1、xgboost.XGBRegressor Detailed explanation

xgboost.XGBRegressor Detailed parameters of can be viewed https://xgboost.readthedocs.io/en/latest/python/python_api.html?highlight=XGBRegressor#xgboost.XGBRegressor

XGBRegressor class ：

class xgboost.XGBRegressor(*, objective='reg:squarederror', **kwargs)

Core parameters include ：

n_estimators (int) – Number of gradient boosted trees. Equivalent to number of boosting rounds.

max_depth (Optional[int]) – Maximum tree depth for base learners.

learning_rate (Optional[float]) – Boosting learning rate (xgb’s “eta”)

verbosity (Optional[int]) – The degree of verbosity. Valid values are 0 (silent) - 3 (debug).

tree_method (Optional[str]) – Specify which tree method to use. Default to auto. If this parameter is set to default, XGBoost will choose the most conservative option available. It’s recommended to study this option from the parameters document tree method

n_jobs (Optional[int]) – Number of parallel threads used to run xgboost. When used with other Scikit-Learn algorithms like grid search, you may choose which algorithm to parallelize and balance the threads.

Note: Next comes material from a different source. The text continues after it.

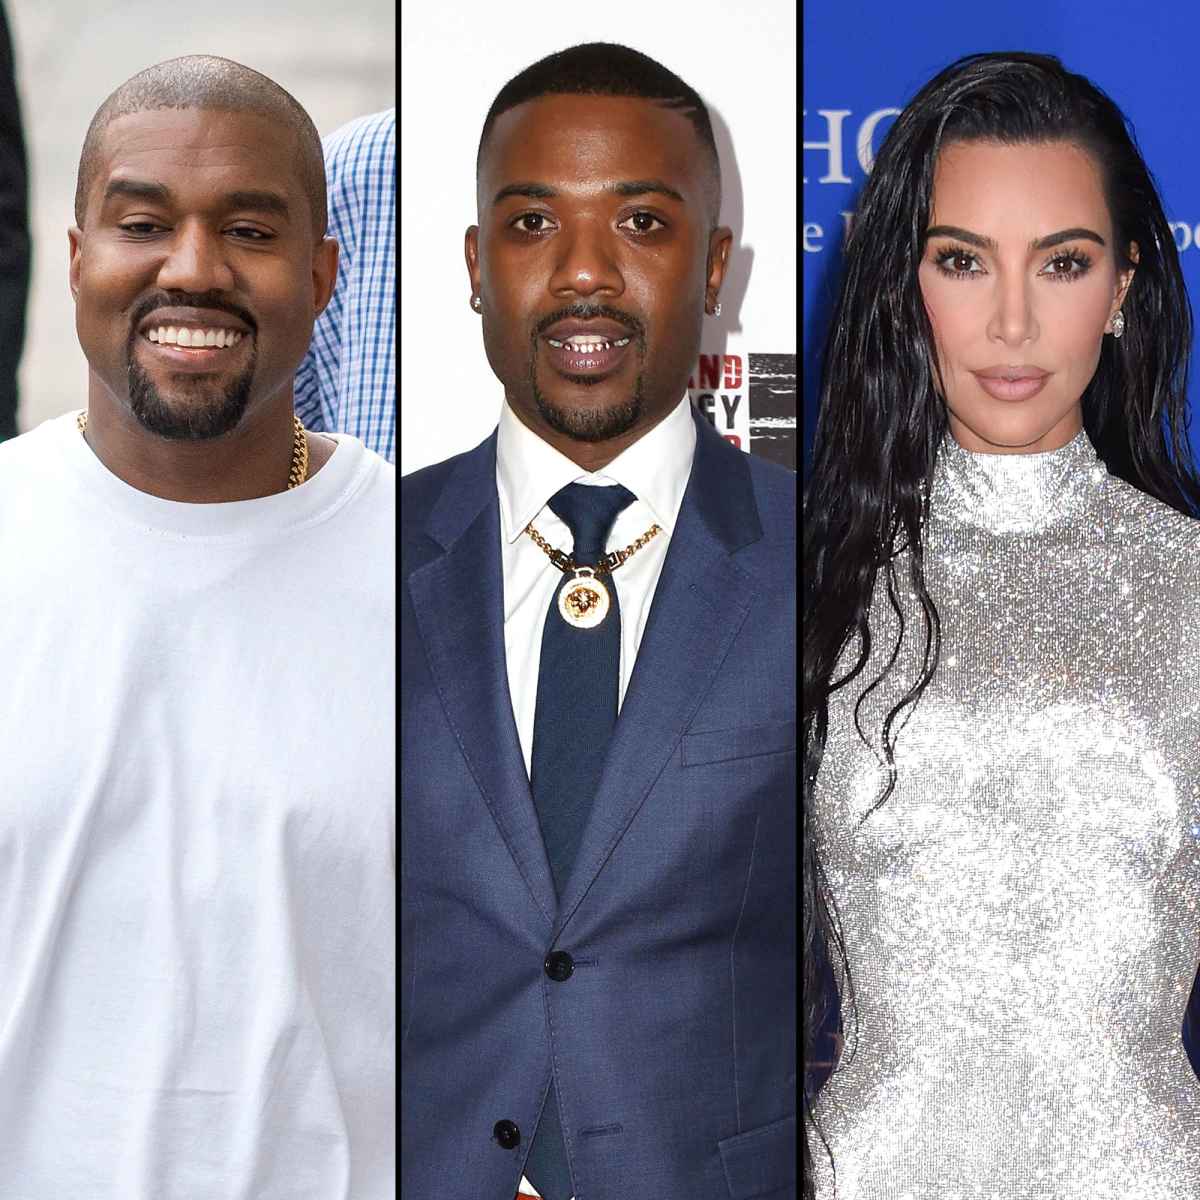 Kanye West and Ray J Reunite at a Red Carpet Following Kim Kardashian Sex Tape Drama
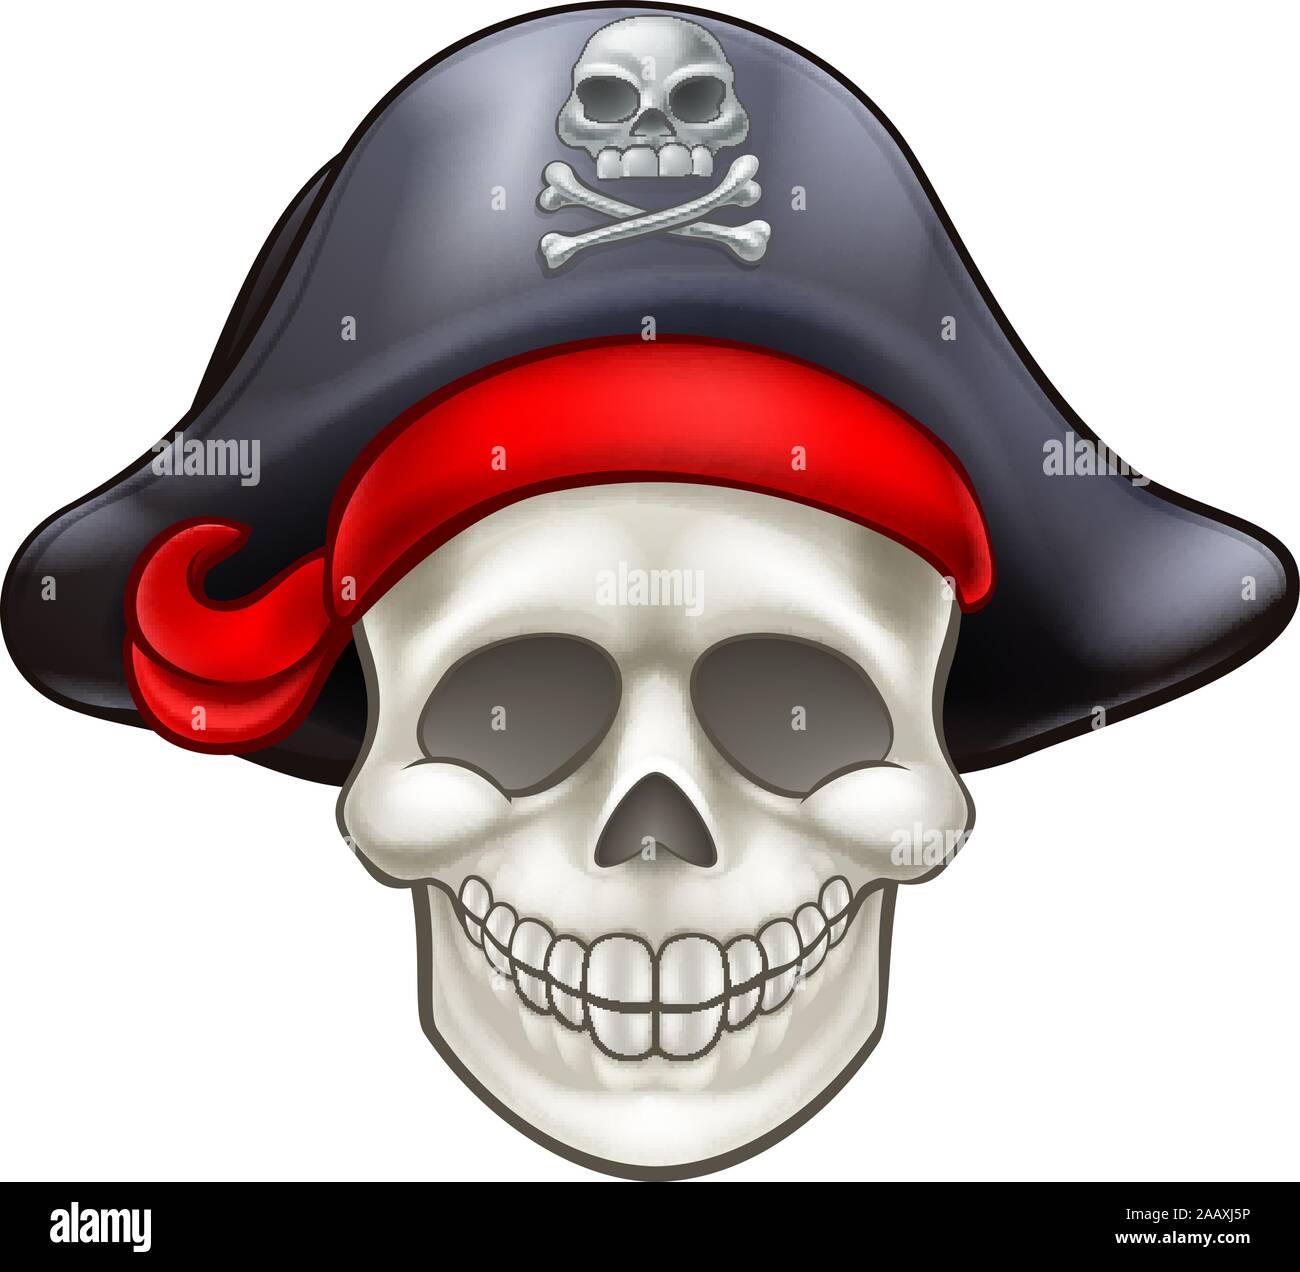 Dessin Animé Pirate crâne Illustration de Vecteur

Creating thread contention will significantly slow down both algorithms.

gamma (Optional[float]) – (min_split_loss) Minimum loss reduction required to make a further partition on a leaf node of the tree.

min_child_weight (Optional[float]) – Minimum sum of instance weight(hessian) needed in a child.

subsample (Optional[float]) – Subsample ratio of the training instance.

colsample_bytree (Optional[float]) – Subsample ratio of columns when constructing each tree.

scale_pos_weight (Optional[float]) – Balancing of positive and negative weights.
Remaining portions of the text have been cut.